Fraction simplification revolves around reducing fractions to their simplest form. When simplifying a fraction, you aim to find the greatest common factor (GCF) of the numerator and denominator. By dividing both by their GCF, you obtain a smaller, equivalent fraction.
In the step-by-step solution given above, fractions were split and simplified individually. This was achieved by identifying common factors. For instance:

• The fraction \( \frac{12}{16} \) was simplified using the factor of 4, reducing it to \( \frac{3}{4} \).
• The expression \( \frac{8\sqrt{7}}{16} \) was simplified by the factor of 8, resulting in \( \frac{\sqrt{7}}{2} \).

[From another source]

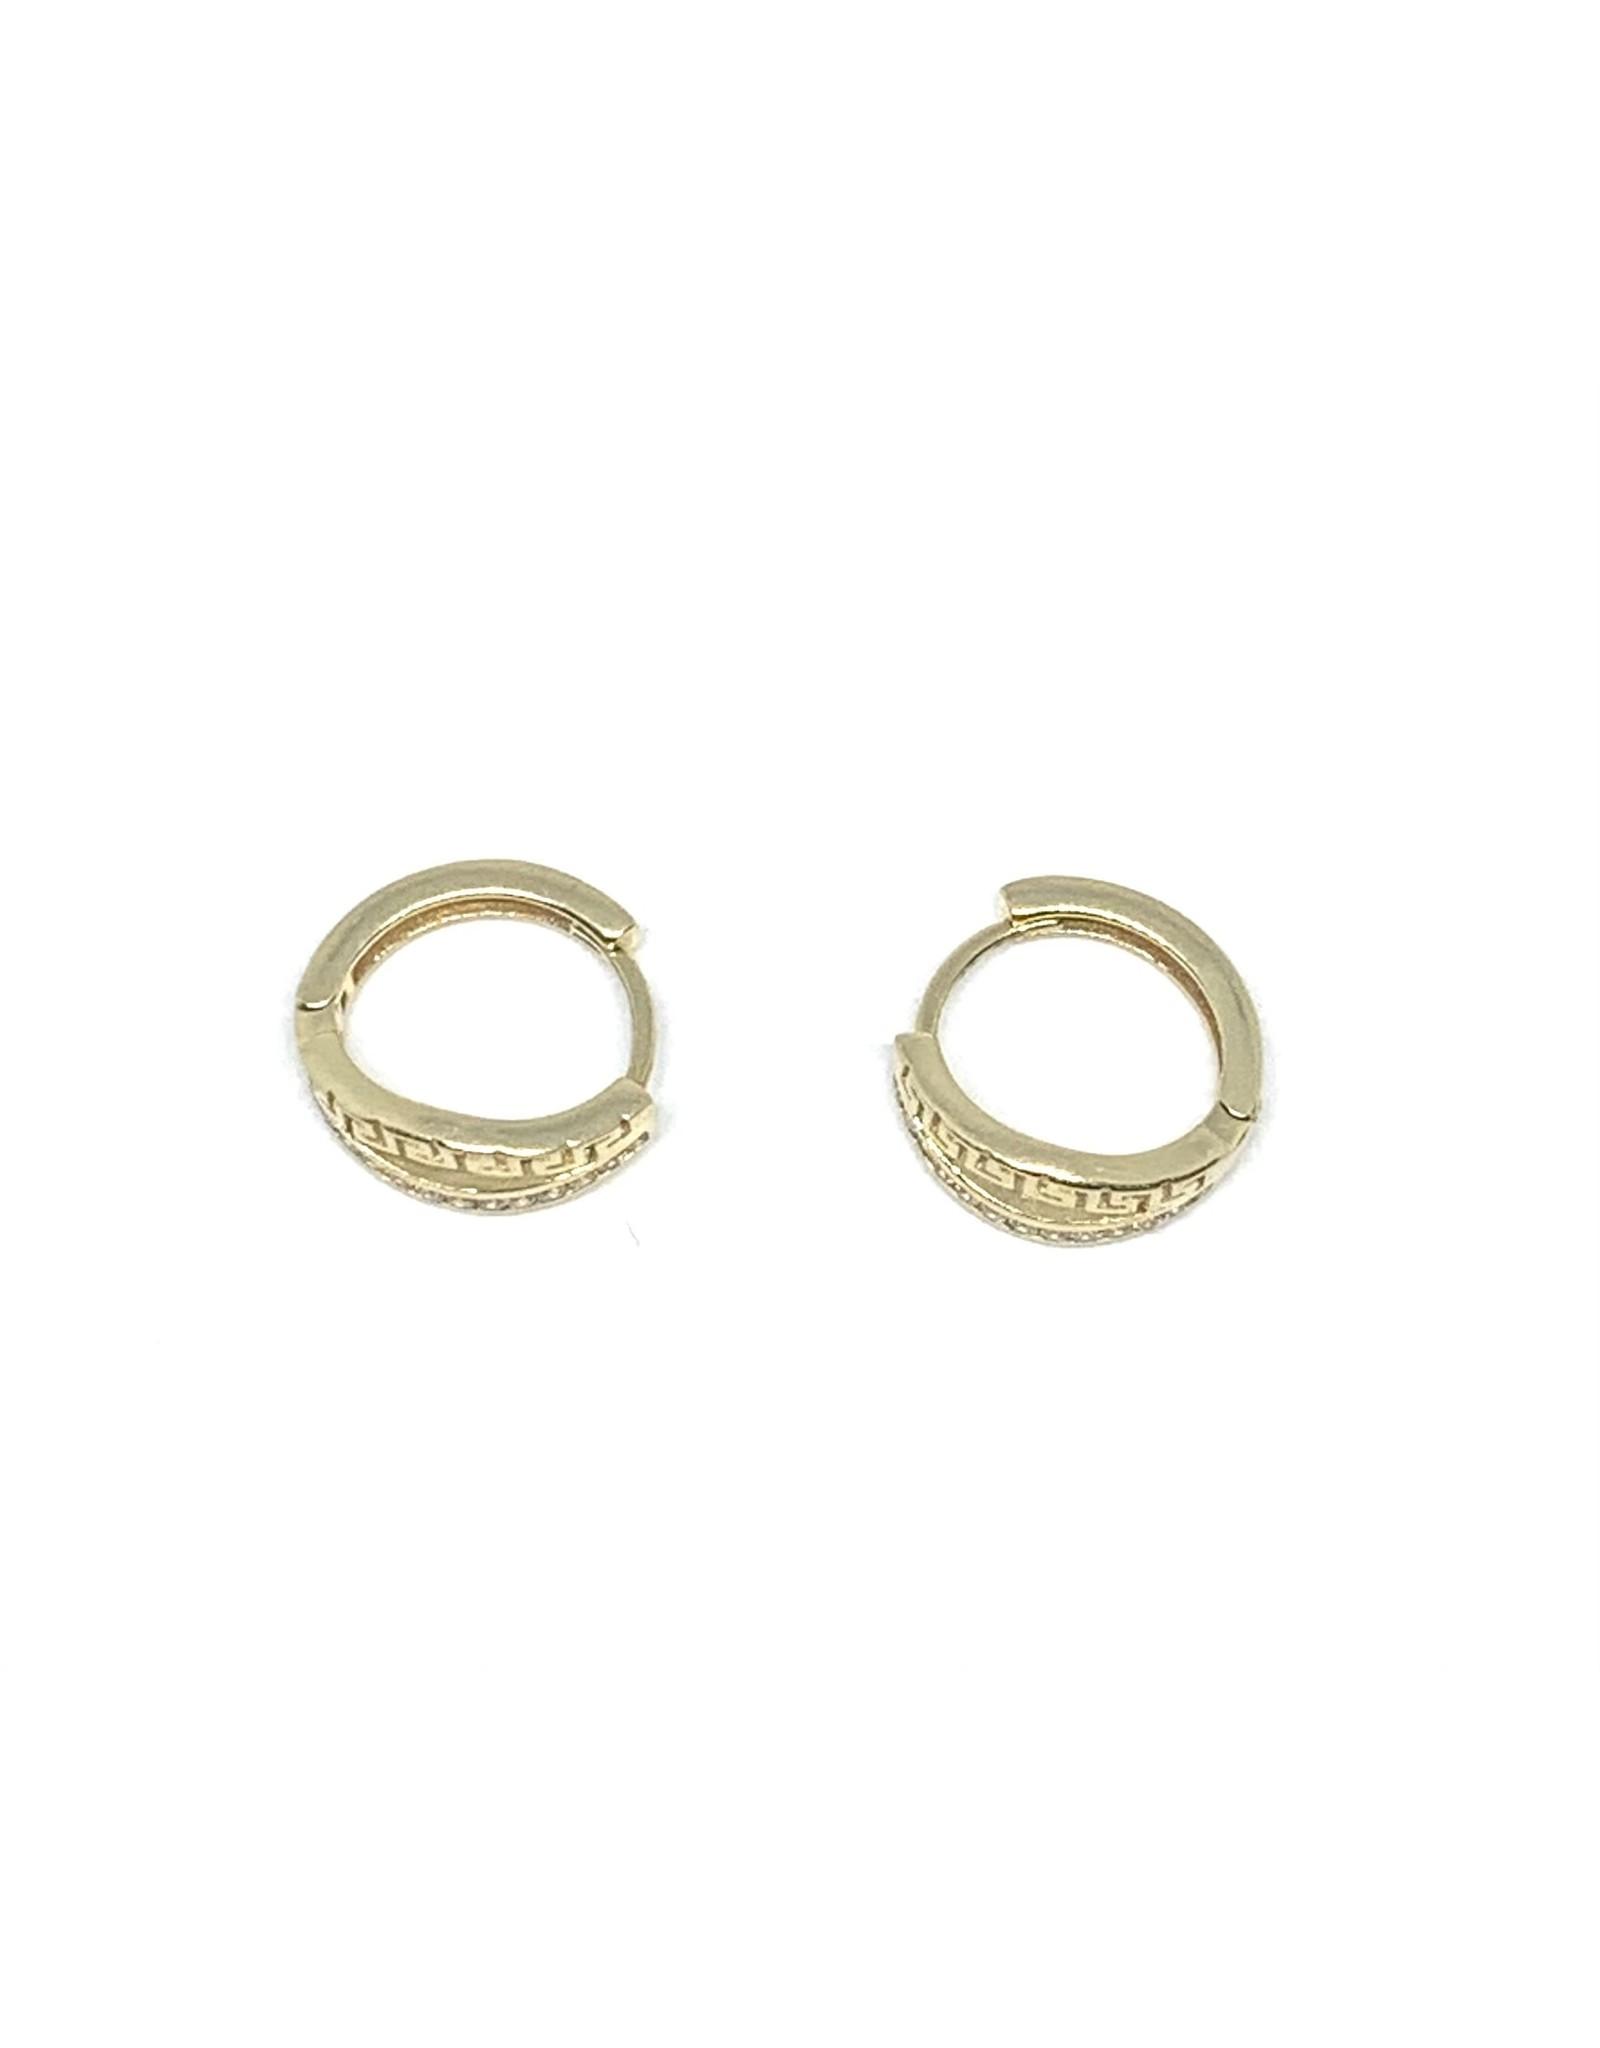 PARÉ Boucles d'oreilles Huggies Versace Or 10K avec Cubique zirconium
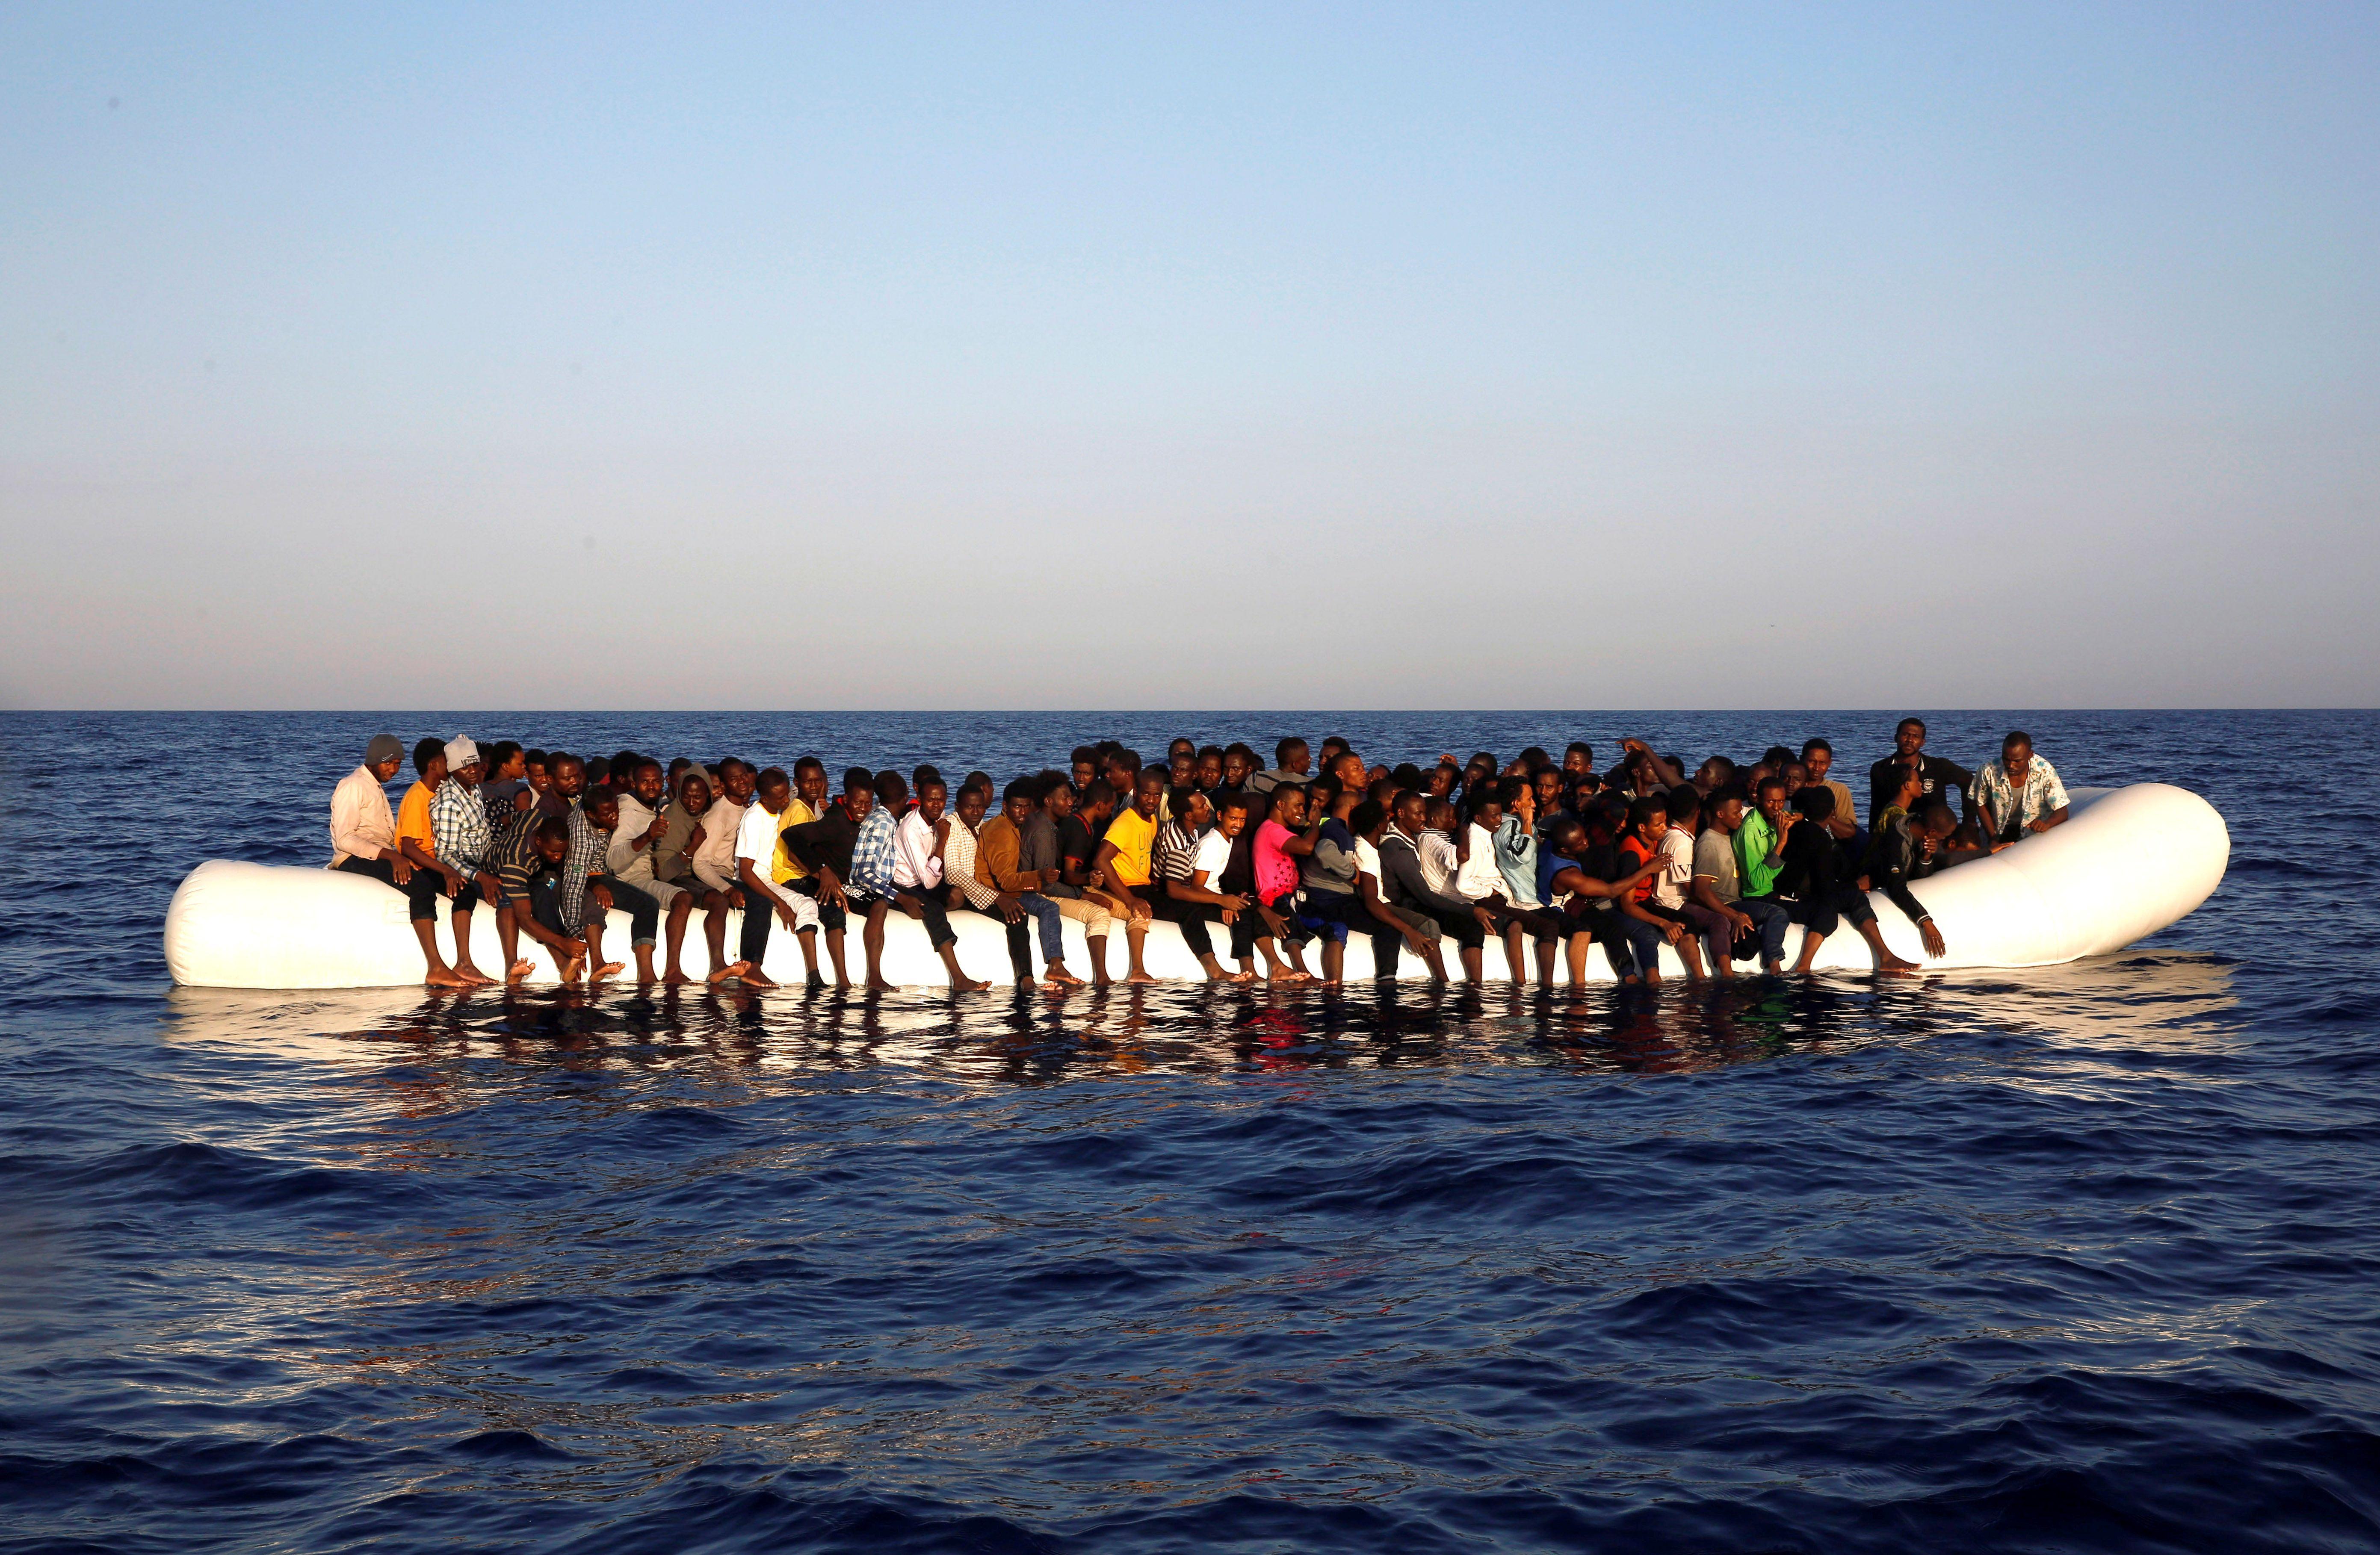 1 million de migrants venus d'Afrique seraient en route pour l'Europe... et les dirigeants européens s'apprêtent à commettre les mêmes erreurs que dans le passé

Knowing how to find these common factors enables you to simplify both numerical and algebraic fractions confidently.

Radical expressions involve roots, like square roots or cube roots. The expression \( \sqrt{7} \) is a radical expression under a square root, which is often encountered during algebraic simplification.
When working with these expressions, there are special considerations. For instance, if simplifying involves a radical term, it's important to maintain its correct form while reducing the fraction. In the step-by-step solution, \( \frac{8\sqrt{7}}{16} \) was simplified by factoring out a common number from both the numerator and denominator without altering the radicand (the term inside the root).
This teaches us that simplifying radicals entails careful handling. Ensure the integrity of the radical expression as you apply common factor simplification. This practice reduces complexity while keeping radicals intact.

Common factors are numbers that precisely divide two or more numbers. Understanding common factors is crucial to simplifying both real numbers and algebraic expressions.
In the given problem, recognizing common factors simplified the fractions efficiently. Take \( 12 \) and \( 16 \): their greatest common factor is 4. Likewise, for \( 8 \) and \( 16 \), the GCF is 8.

• This knowledge helps reduce fractions quickly, ensuring computations remain simple and manageable.
• Identifying these factors involves basic division and multiplication knowledge, making it accessible even at early learning stages.

To enhance efficiency when simplifiying expressions, always look for these factors. They form the foundation of reducing complex expressions efficiently, as demonstrated by the exercise solution provided.